We’d like to welcome you to the Sustaining Sustenance blog, developed in preparation for our seminar together in Minneapolis at the 2011 Imagining America conference.
As we mentioned earlier in our email via Matt, we have setup the blog to enable all the participants to read the submissions of each other, and ultimately to host a conversation regarding some of the key questions that appear in your submissions in advance of the conference.
All of the participants’ submissions, as well as our original call for submissions, appear in the right-hand sidebar. You can read and comment on any of these as you wish. This main page will host the main threaded conversation. In order to make a post to the blog (which we hope that all of you will do!), you will need to login with the credentials sent to you via email.

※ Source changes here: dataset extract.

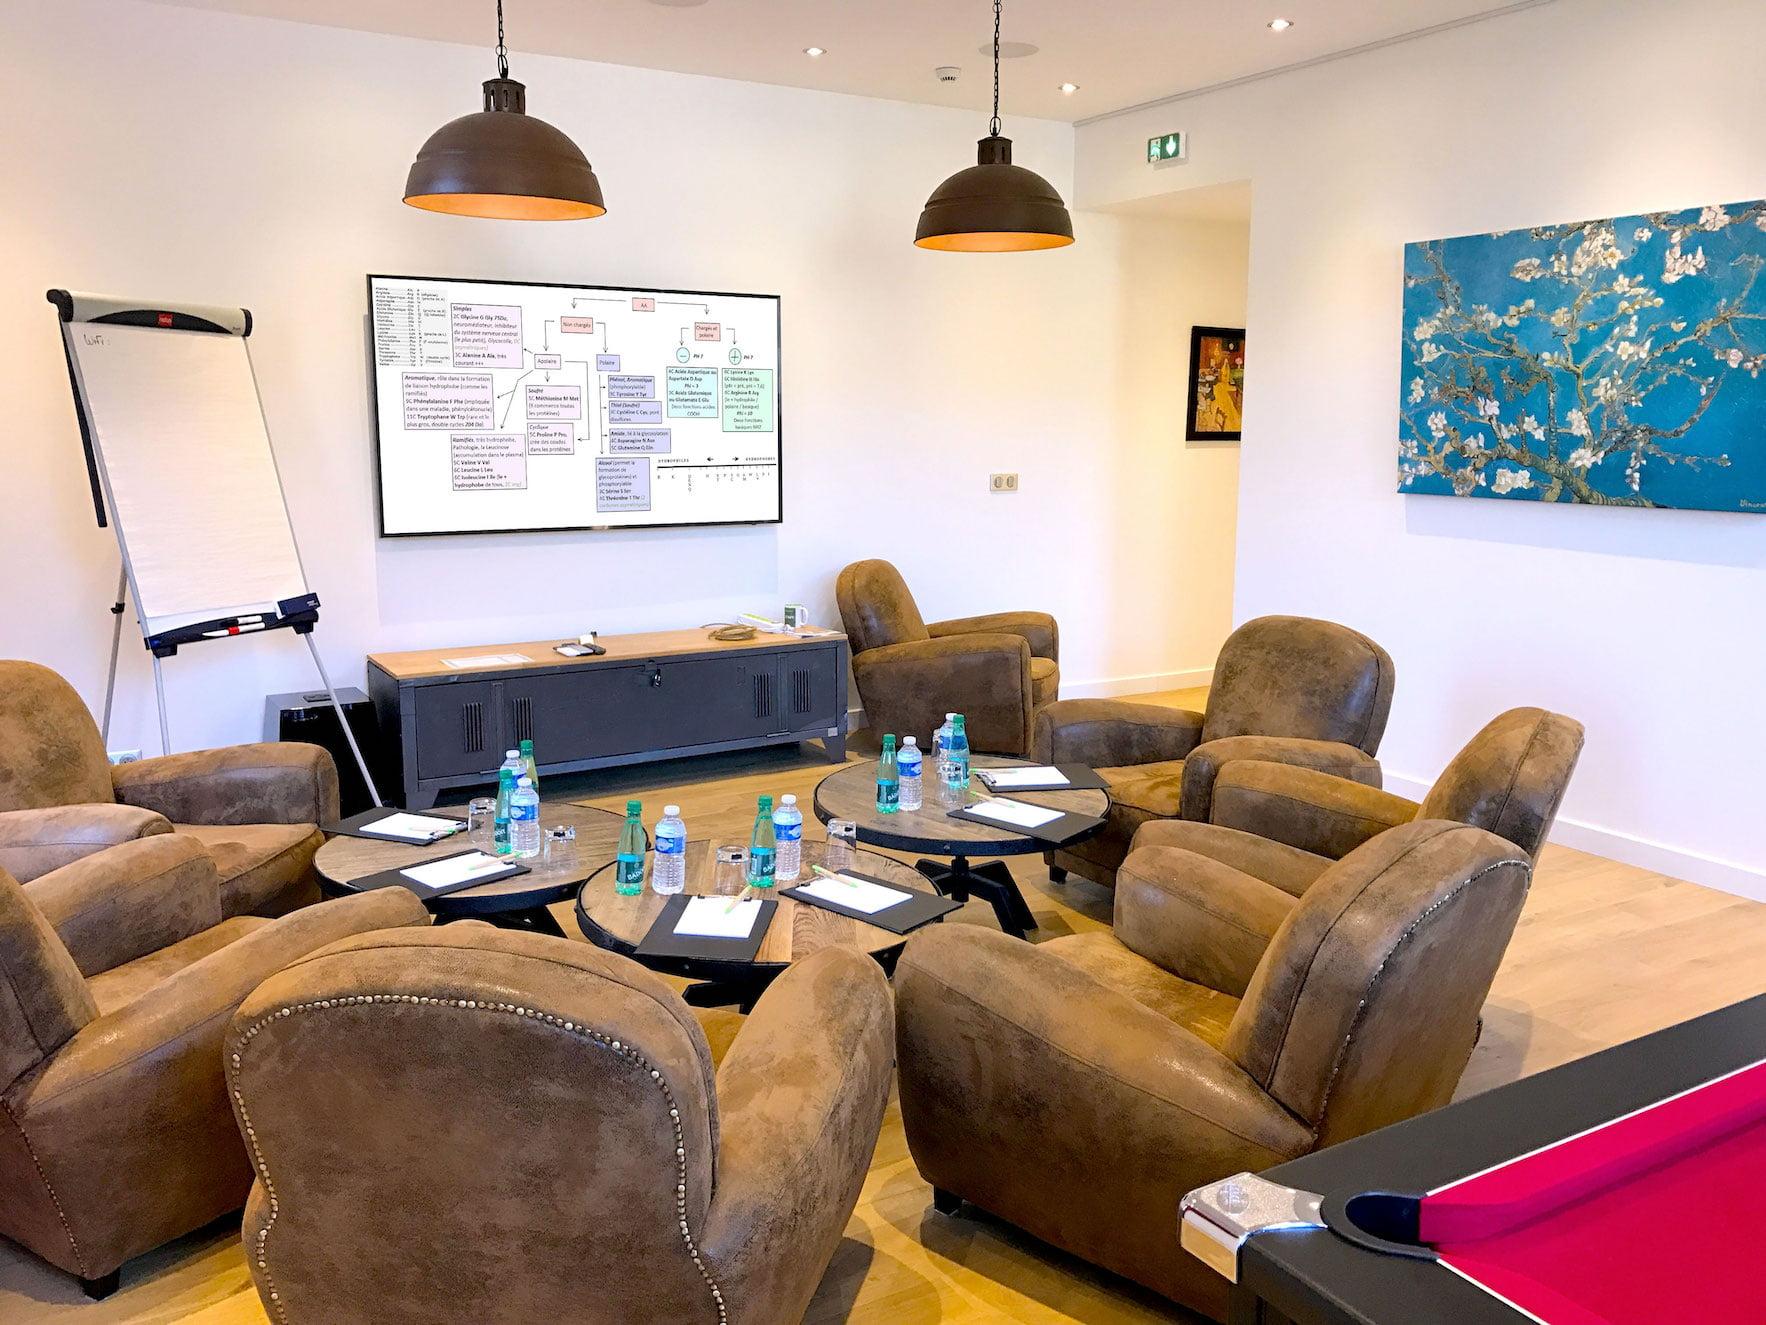 Séminaire au salon du Green des Impressionnistes : fauteuils clubs et tables autour d'un écran géant et d'un paperboard

We will be making a follow-up post shortly with additional details and provocations for the conference, but feel free to engage in the blog with new topic posts or comments on other posts at any time!
We look forward to the discussion.
Brian, Kathleen, and Matt
Brian 10:42 am on September 2, 2011 Permalink | Log in to Reply
Hi Cathy,
I have updated the posted file. The earlier one appears to have been corrupted, but this one should work.
Brian
valentine 5:39 pm on September 16, 2011 Permalink | Log in to Reply
Re: the article (which has now been emailed around a couple of times for those who haven’t been able to download it) It’s a good piece, which I’ve been enjoying teaching for the last few years. I look forward to hearing how this plays out for you all — I’m definitely finding part of the challenge of food system work to be getting a few different groups to stay in conversation, and they all make thematic appearances here: the food security/food access/social justice-interested people (especially those working on race and equity issues), the people interested in creating better market conditions for alternative food producers, and the people who are running the existing food system (and who may or may not have stakes in maintaining or changing features of it).
catherine 7:15 pm on September 16, 2011 Permalink | Log in to Reply
I agree, it is a great piece. I love how her students were able to witness the challenges impacting the success of the evaluated programs and had opportunities to break through the limits of their own biases.